During my first two months at Yale, I’ve learned how to be an indulgent skeptic. 

The Thursday before Family Weekend, I received an email advertising an 11-hour-long teach-in about UFOs, to which I responded with immediate incredulity. I wasn’t quite sure that “free exchange of ideas surrounding a challenging subject” could apply to government cover-ups of UFOs, a conspiracy theory seemingly on par with the flat Earth. 

I decided to reach out to Sydney Morrison ’25, the leader of the Yale Student UFO Society, or YSUS, to find out what could lead a Yale student to believe that little green men in flying saucers were anything but pure science fiction. After a few back-and-forth emails, she explained her reasoning over lunch last Monday. 

Sydney’s story with ufology, the study of UFOs, began during her time away from Yale after her sophomore year. Throughout her childhood and teenage years, her idea of UFOs was much like mine: “potentially some weird spiritual thing, like a semi-religious phenomenon.” But one night, while hanging out with a friend in a Washington park, they turned around simultaneously to see a large object with blinking lights in the sky. Unbothered at first, they then encountered an 8-foot-tall bulky humanoid object with two deer-like eyes, casually strolling around and absorbing all visible light entering its body. Sydney said that they got within two feet of the alien, which continued to stomp around and followed them back to their car. 

Naturally, this experience was “pretty shaking,” and Sydney started YSUS her next semester back at Yale to create a space for UFO believers — the only such space in the Ivy League. The club’s main goal is to consolidate and present knowledge on UFO sightings.
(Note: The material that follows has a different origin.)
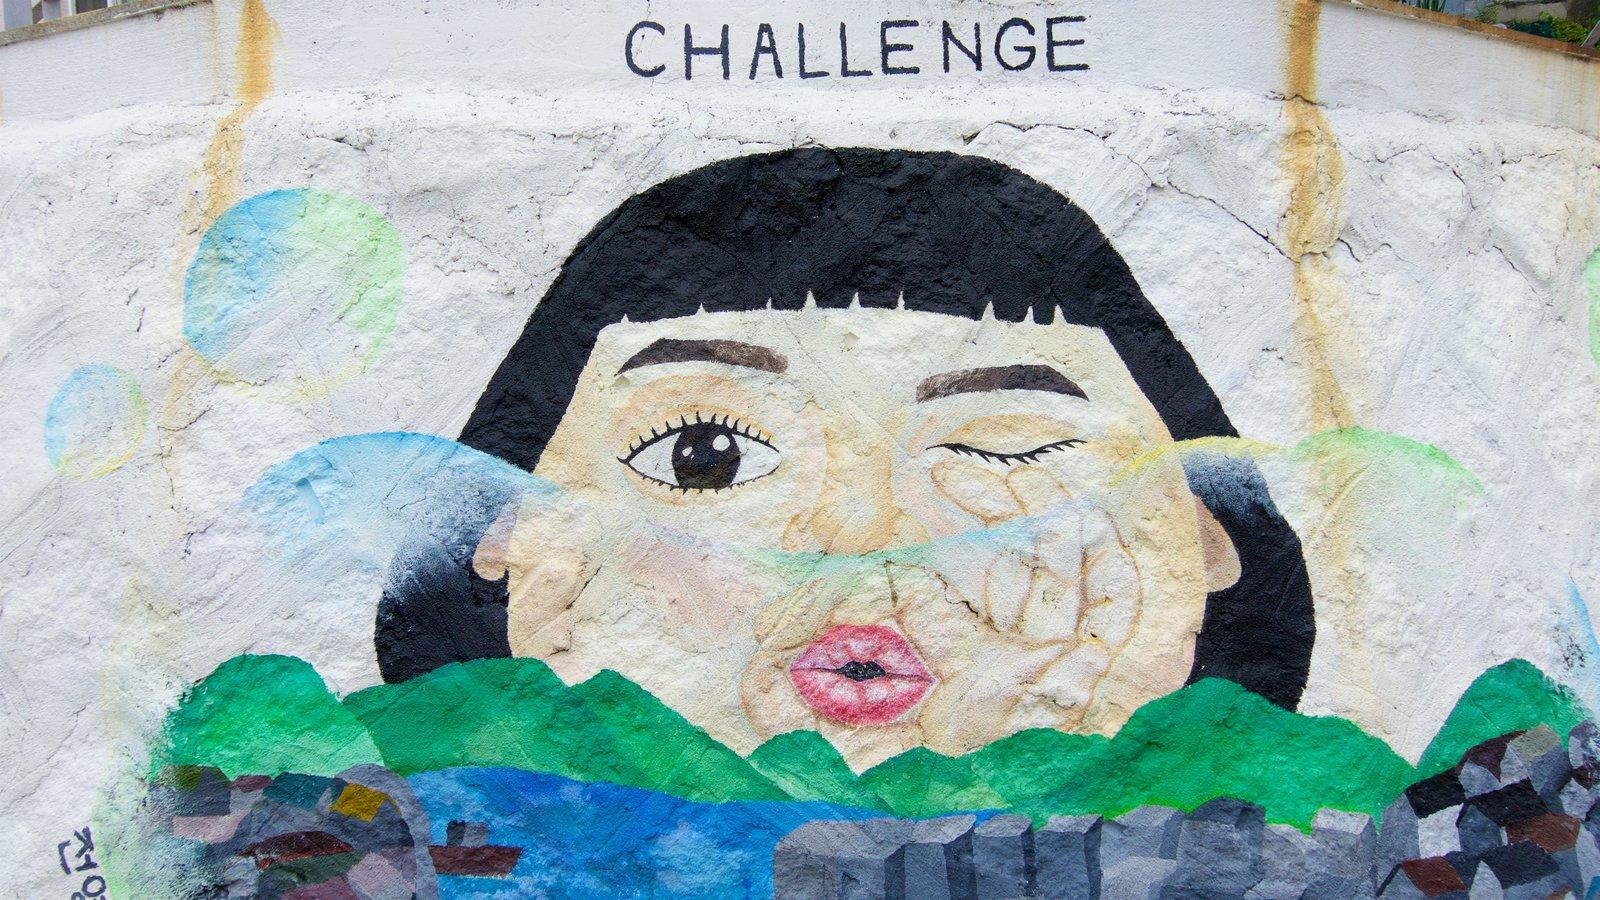 Aldea de muros pintados de Dongpirang ofreciendo arte al aire libre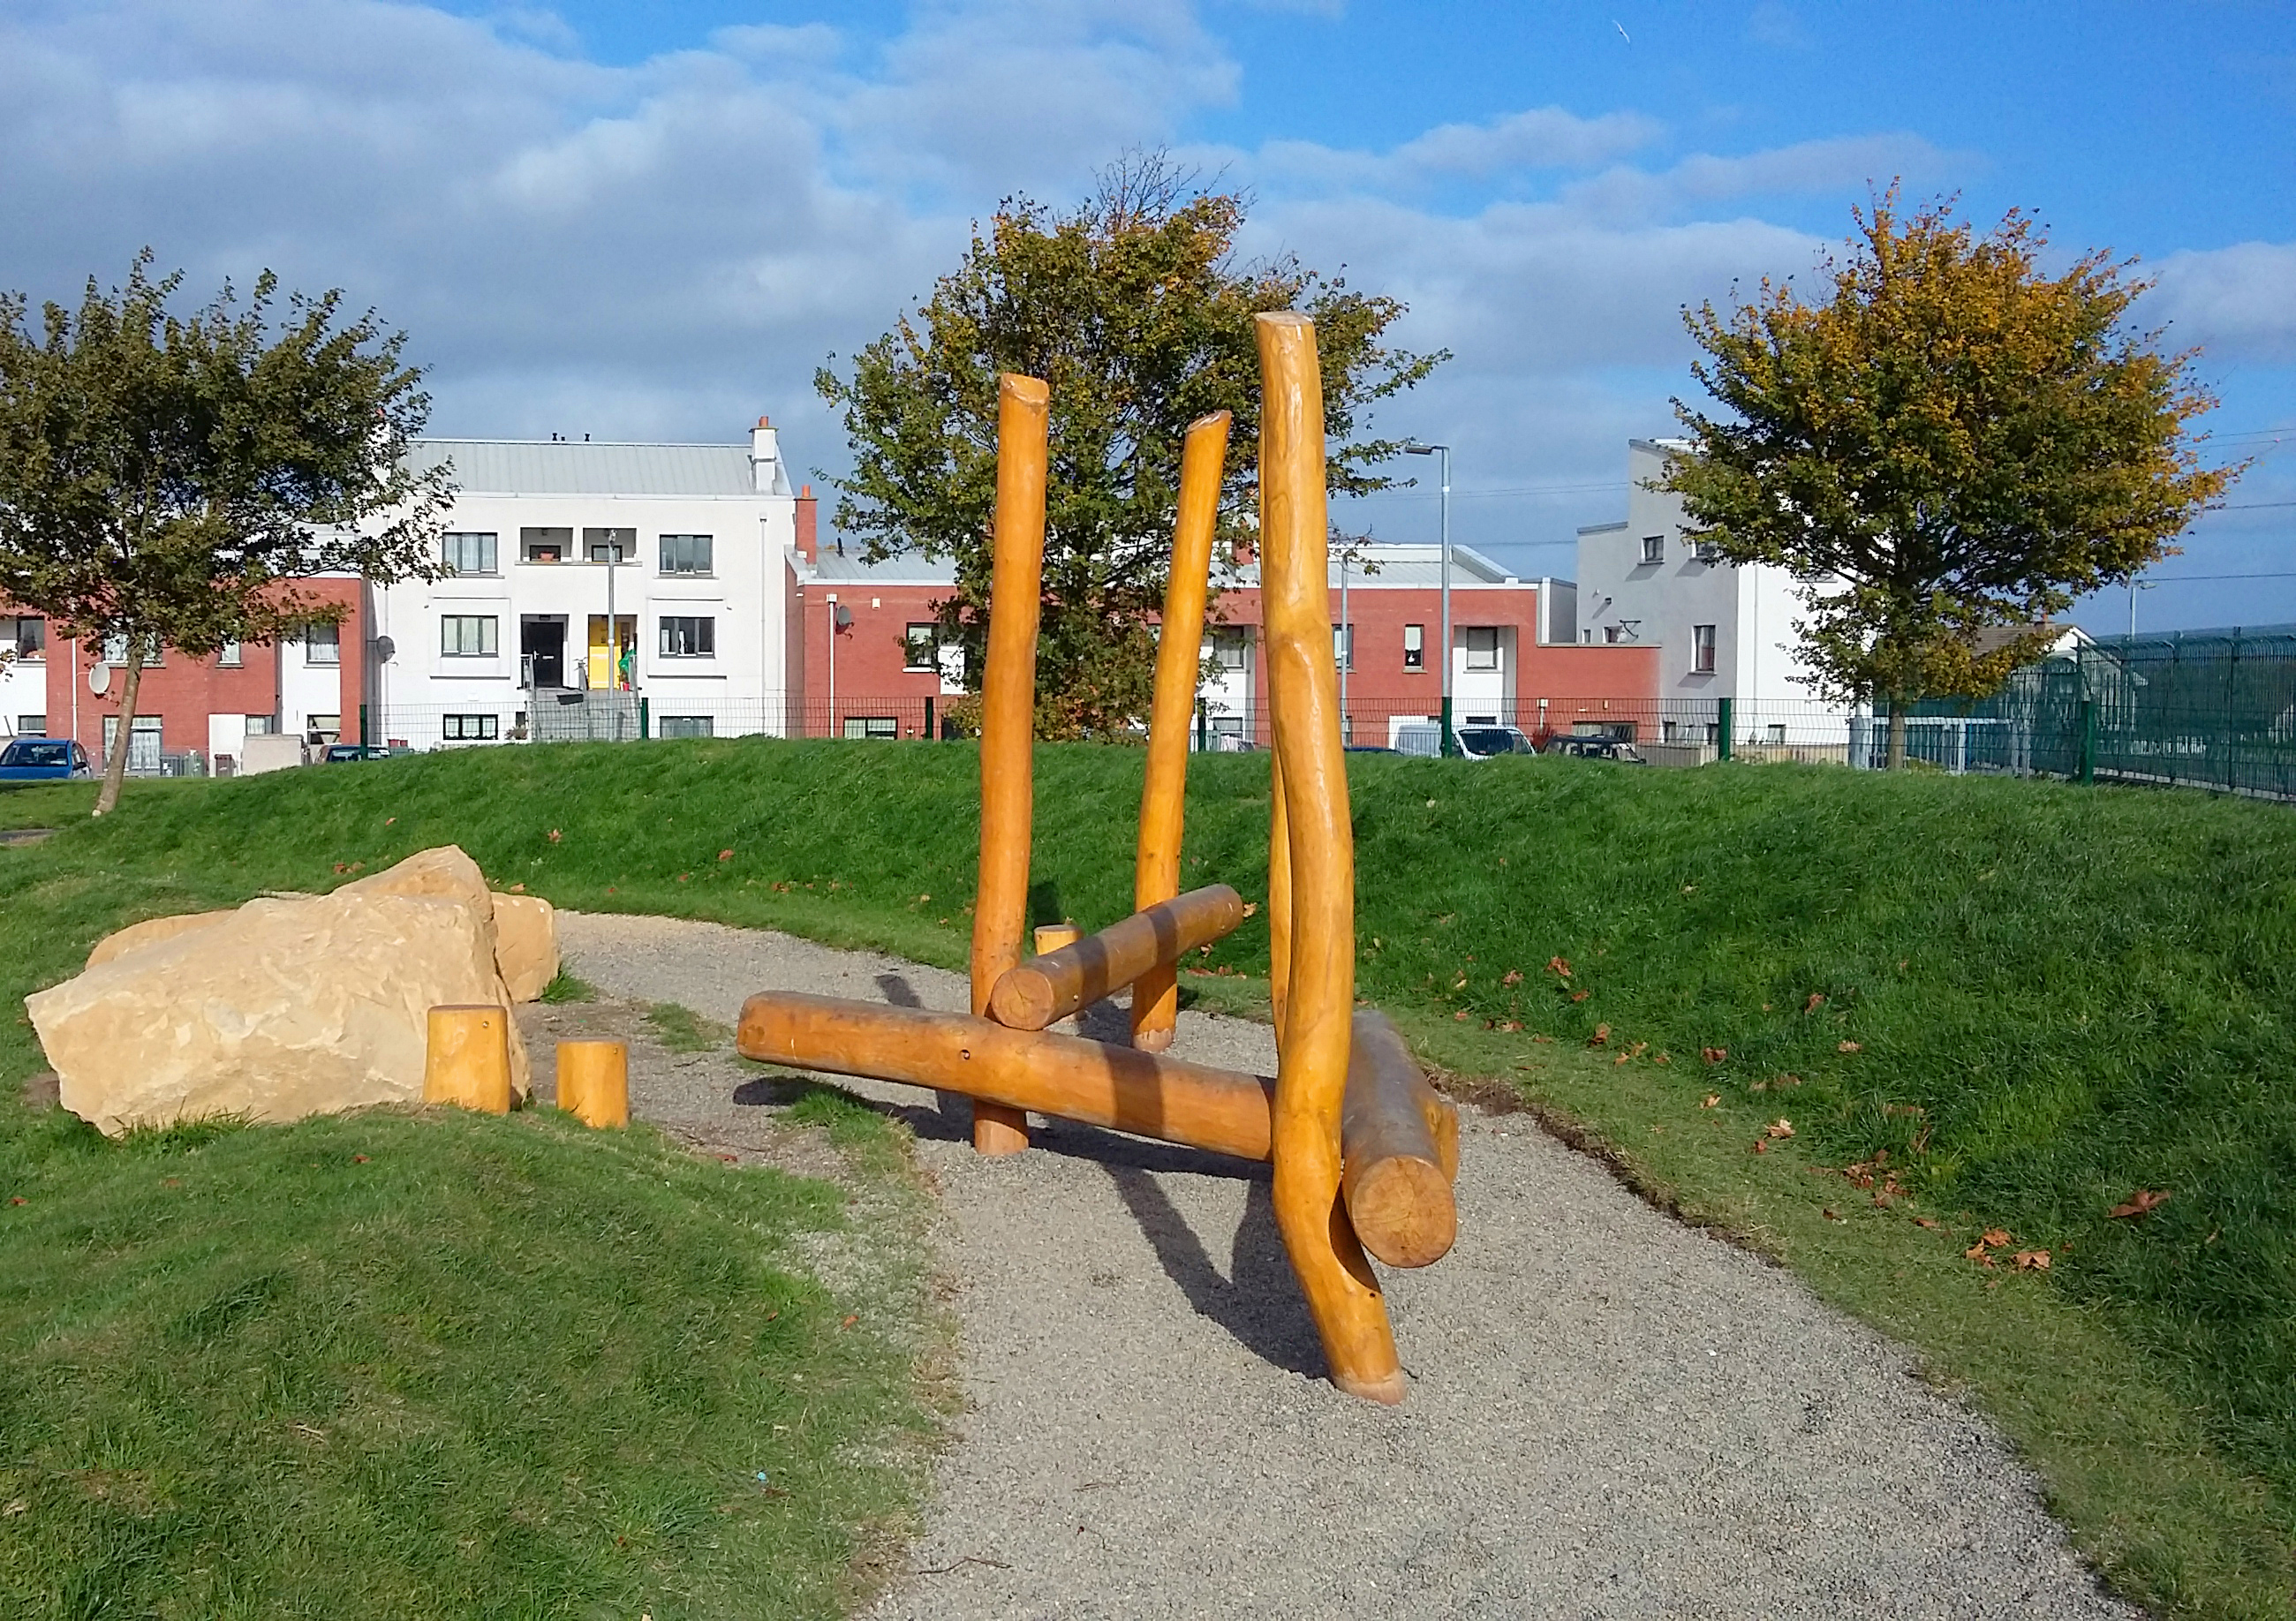 Balancing Log Walk The Children S Playground Company

Convincing those in the Yale community is more of a secondary objective. Sydney explained that when talking about her experience to people outside the ufology community, she always begins with “I know this sounds crazy” or “I wouldn’t have believed it myself,” but it’s often unsuccessful; she’s mostly given up on convincing people to believe. 

“There’s such pervasive stigma that associates UFOs with mental illness,” she told me. “It’s scary when you do try to take [beliefs about UFOs] further into the media and the public.”

I felt sympathetic to her cause. If UFOs were to exist, I — and most of the world — would be virtually clueless, having been deaf to all those who claimed to have seen evidence. Sydney often wishes she hadn’t had her sighting — “it’s kind of like the Matrix, where you can’t go back after you’ve seen something like that,” she said. Personally, I’d rather live my life unaware of any alien existence — I can’t imagine being so utterly sure of a truth that my family and friends would never accept.

Curious about what led other students to join the club — to voluntarily take the red pill — I talked to Lorenzo Chamberlin ’28, YSUS’s newest officer. He told me that he saw a poster advertising YSUS on the way to class one day and was immediately drawn to it. He’s never had an experience with UFOs, though he would like to, and was enthusiastic about the club’s efforts to find “ways to have those experiences.” He quoted Sherlock Holmes to summarize his reason for joining: “once you’ve eliminated the impossible, whatever remains, however improbable, must be the truth.”

It turns out that Lorenzo wrote the original teach-in email that piqued my curiosity. Rereading it after our chat, I realized that his description of the event’s purpose — raising awareness for “wider epistemological challenges to accepted boundaries of scholarship and civic activism” — was not a half-baked attempt at intellectualizing a joke but a genuine reflection on how deep our assumptions lie. 

Over the course of our lunch, Sydney presented a logical, well-thought-out argument. By the time she brought up postcolonialism and ontology, it was clear that she’d spent hundreds, if not thousands, of hours researching ufology. 

We talked for around an hour, but most people don’t devote that much time to understanding a claim viewed as fundamentally absurd. It’s so easy to just dismiss someone as crazy when that’s what the rest of the world thinks.

In my philosophy and astronomy courses, I’ve learned about dozens of breakthroughs that were met with universal skepticism when they were first made. Ideas like philosophical questioning, the heliocentric theory and special relativity were incredibly controversial when proposed because they disrupted beliefs that felt safe and secure. Socrates, Galileo and Einstein — some of the most important contributors to human knowledge — were all shunned for their “radical” and “preposterous” findings. 

So maybe — however unlikely — UFOs are real and Sydney is the next Einstein. I’m not quite convinced, but I’ve learned to at least give everyone the benefit of the doubt. Nothing is for certain, and so to make a leap into the unknown, to challenge centuries of knowledge and billions of people, should be seen not as ignorance but bravery.